From: Andres Freund <andres(at)2ndquadrant(dot)com>
To: Robert Haas <robertmhaas(at)gmail(dot)com>
Cc: "pgsql-hackers(at)postgresql(dot)org" <pgsql-hackers(at)postgresql(dot)org>
Subject: Re: Changeset Extraction v7.0 (was logical changeset generation)
Date: 2014-01-15 20:39:01
Message-ID: 20140115203901.GF8653@awork2.anarazel.de
Views: Raw Message | Whole Thread | Download mbox | Resend email
Thread:
Lists: pgsql-hackers

Hi,

On 2014-01-15 13:28:25 -0500, Robert Haas wrote:
> - I think you should just regard ReplicationSlotCtlLock as protecting
> the "name" and "active" flags of every slot. ReplicationSlotCreate()
> would then not need to mess with the spinlocks at all, and
> ReplicationSlotAcquire and ReplicationSlotDrop get a bit simpler too I
> think. Functions like ReplicationSlotsComputeRequiredXmin() can
> acquire this lock in shared mode and only lock the slots that are
> actually active, instead of all of them.

I first thought you meant that we should get rid of the spinlock, but
after rereading I think you just mean that ->name, ->active, ->in_use
are only allowed to change while holding the lwlock exclusively so we
don't need to spinlock in those cases? If so, yes, that works for me.

> - If you address /* FIXME: apply sanity checking to slot name */, then
> I think that also addresses /* XXX: do we want to use truncate
> identifier instead? */. In other words, let's just error out if the
> name is too long. I'm not sure what other sanity checking is needed
> here; maybe just restrict it to 7-bit characters to avoid problems
> with encodings for individual databases varying.

Yea, erroring out seems like a good idea.
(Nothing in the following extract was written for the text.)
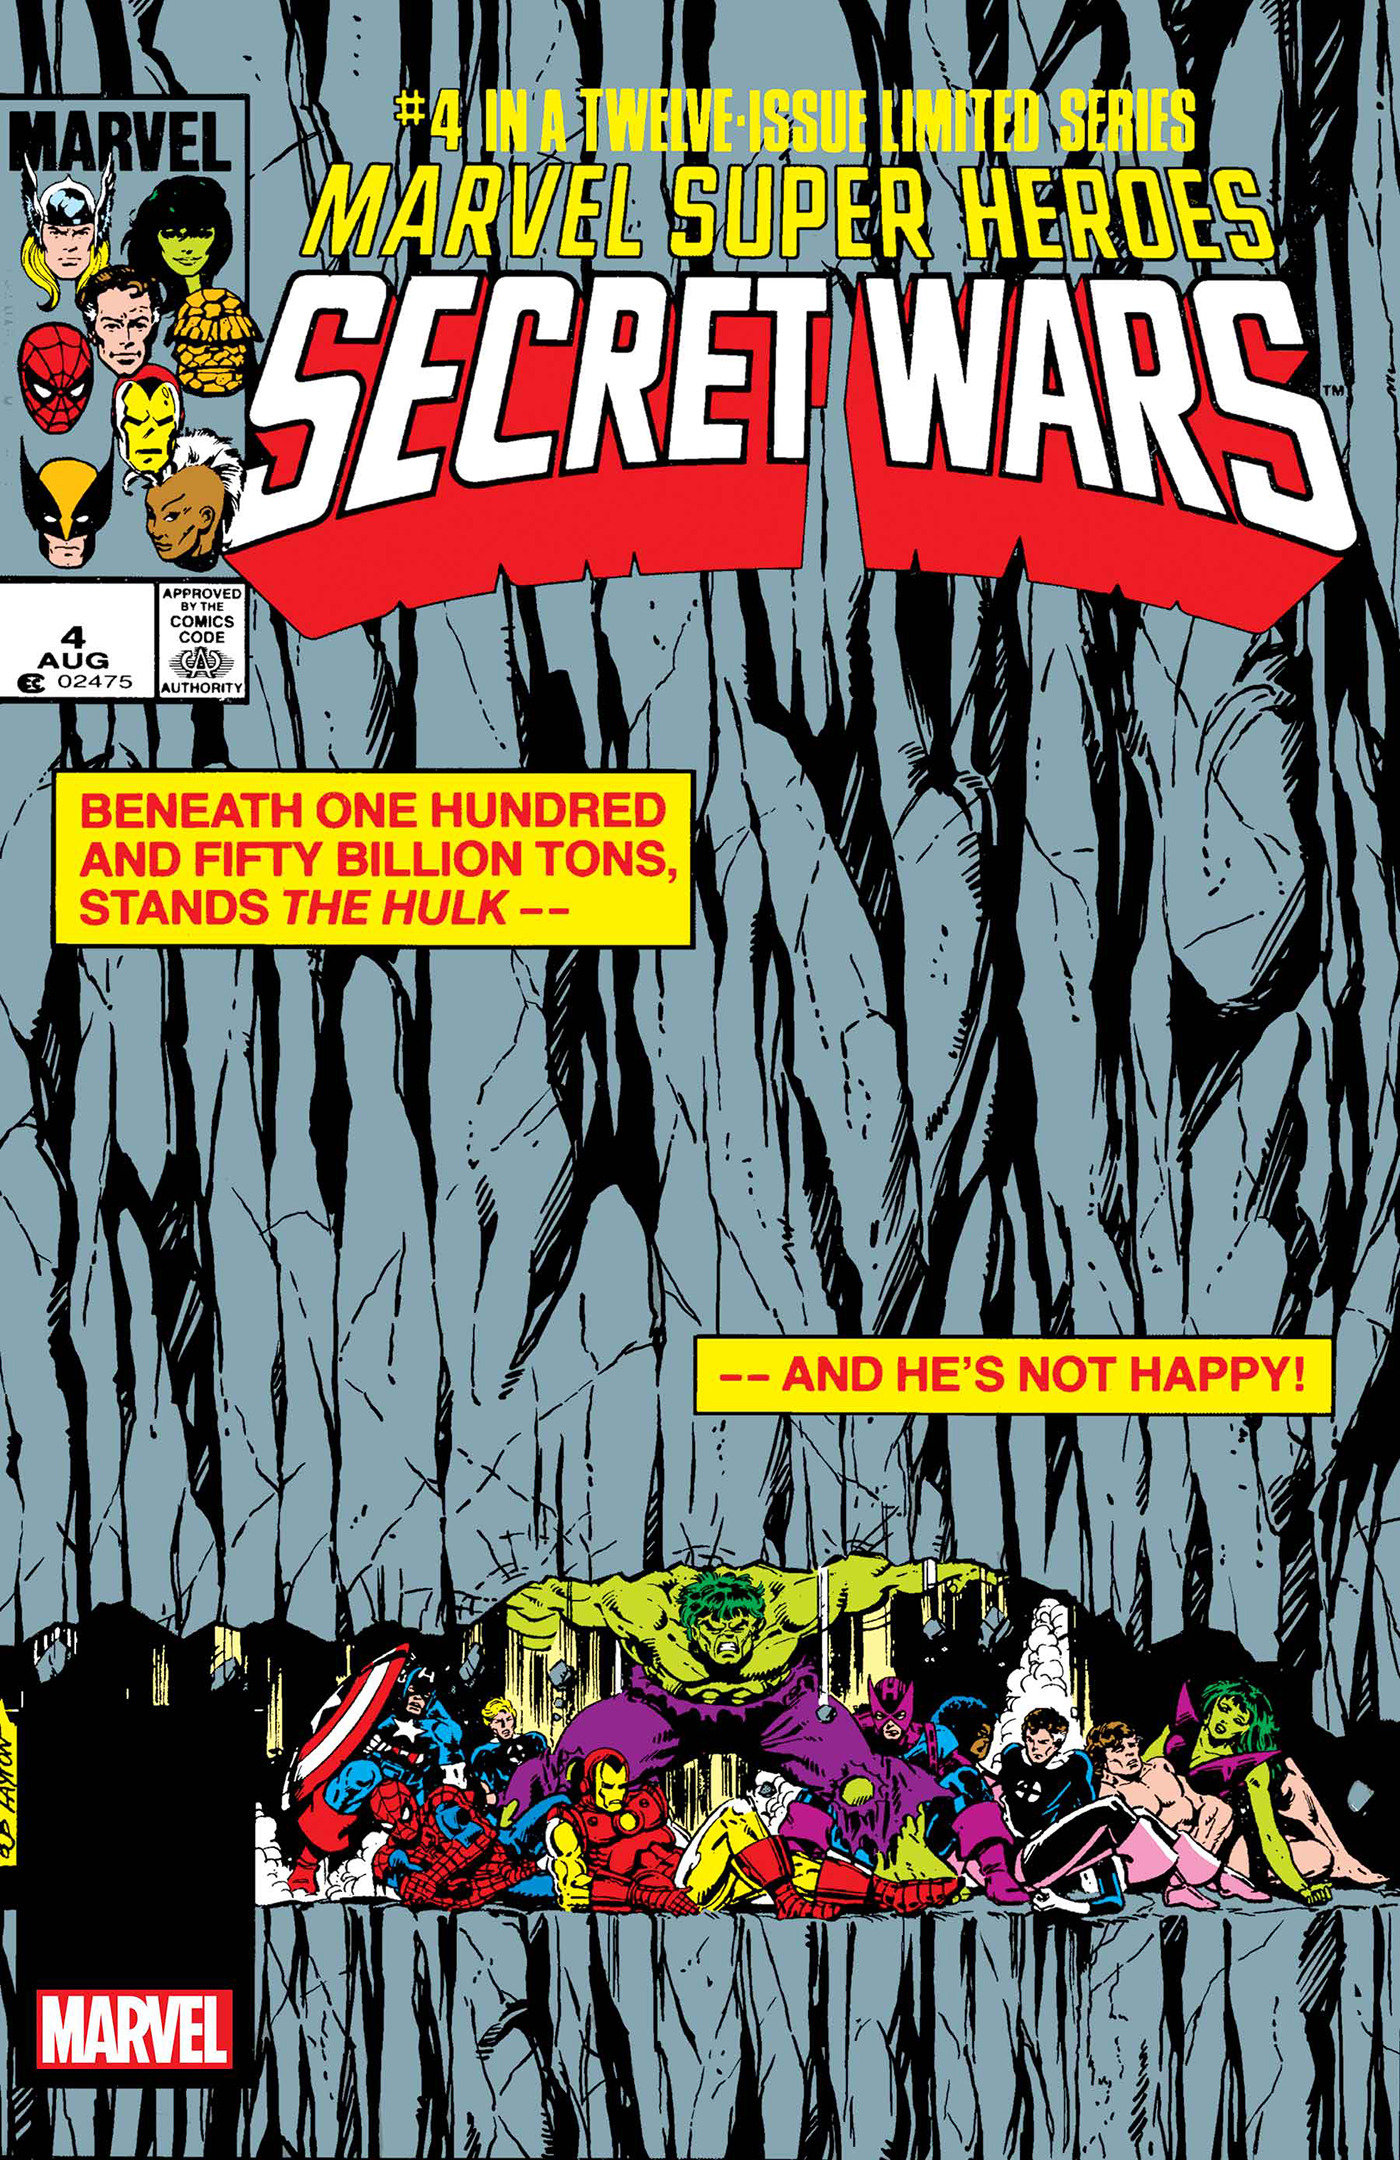 Marvel Super Heroes Secret Wars Facsimile #4 Foil Variant
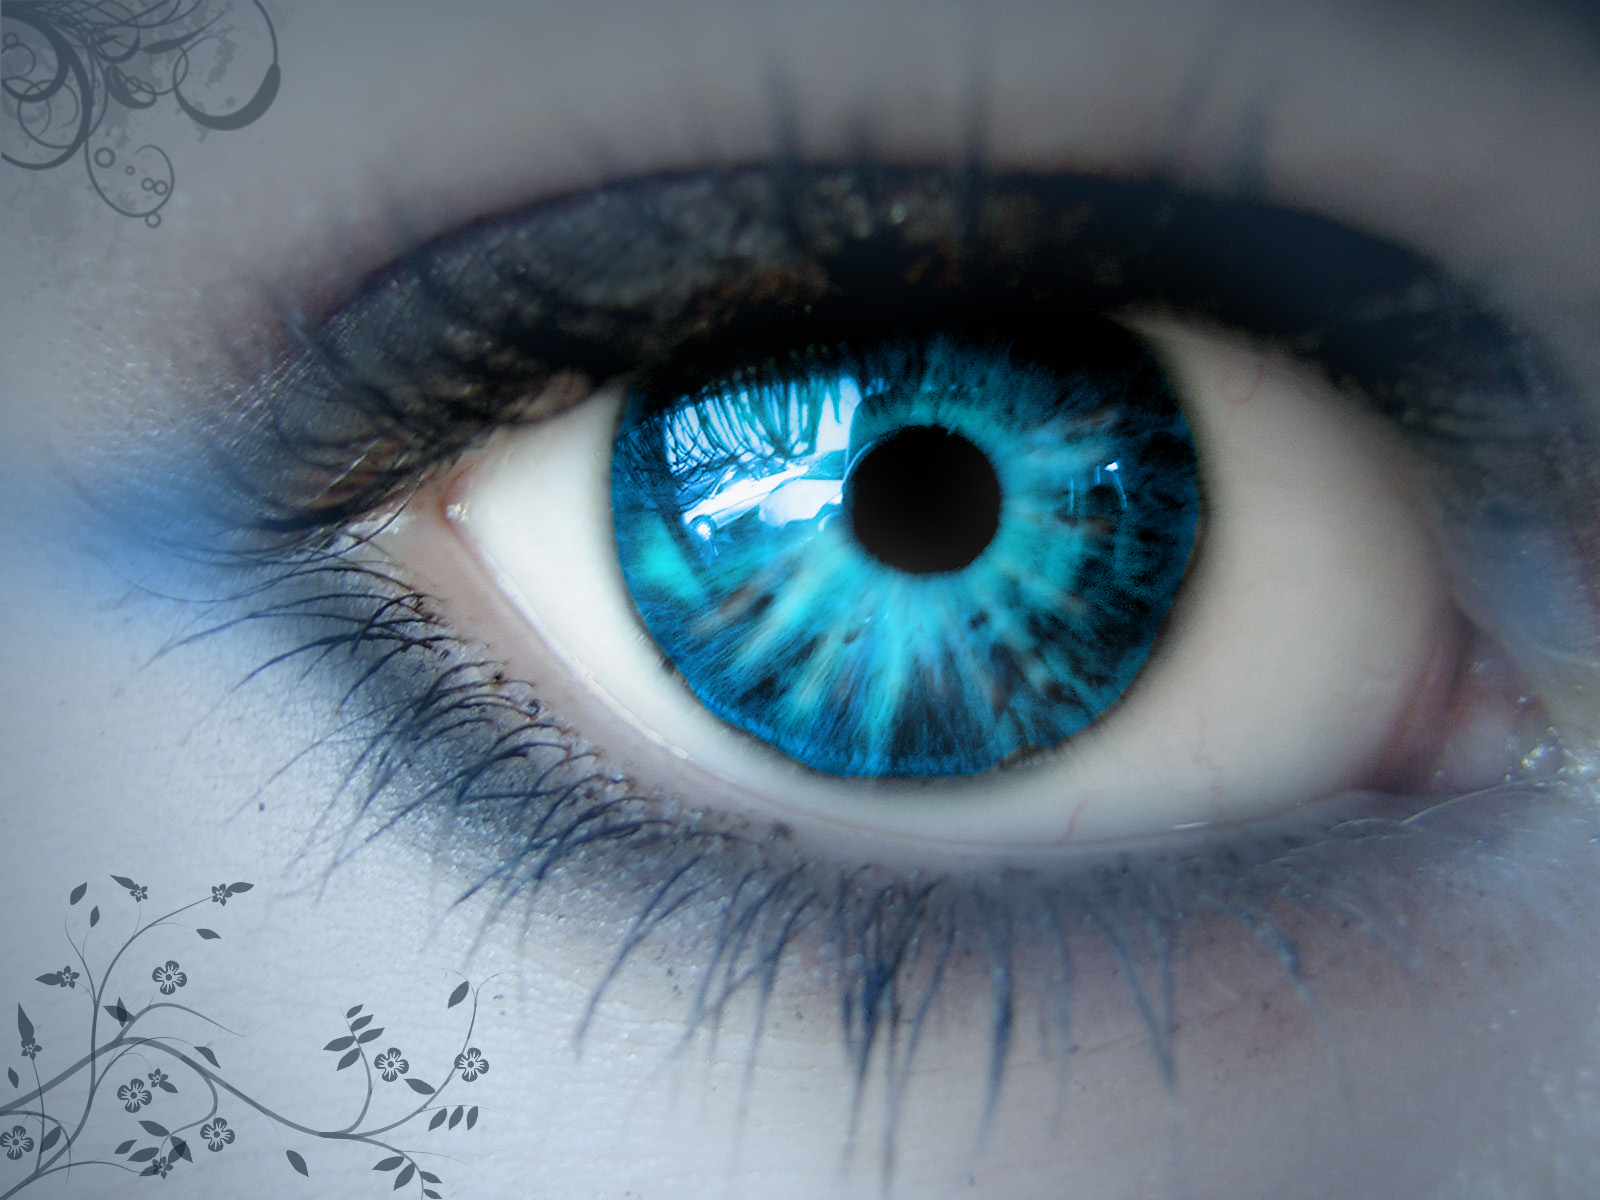 The Blue Eye | Creepypasta Wiki | FANDOM powered by Wikia

But I think we need to
restrict slot names a bit more than that, given they are used as
filenames... We could instead name the files using the slot's offset,
but I'd prefer to not go that route.

> - ReplicationSlotAcquire probably needs to ignore slots that are not active.

Not sure what you mean? If the slot isn't in_use we'll skip it in the loop.

> - If there's a coding rule that slot->database can't be changed while
> the slot is active, then the check to make sure that the user isn't
> trying to bind to a slot with a mis-matching database could be done
> before the code described in the previous point, avoiding the need to
> go back and release the resource.

I don't think slot->database should be allowed to change at all...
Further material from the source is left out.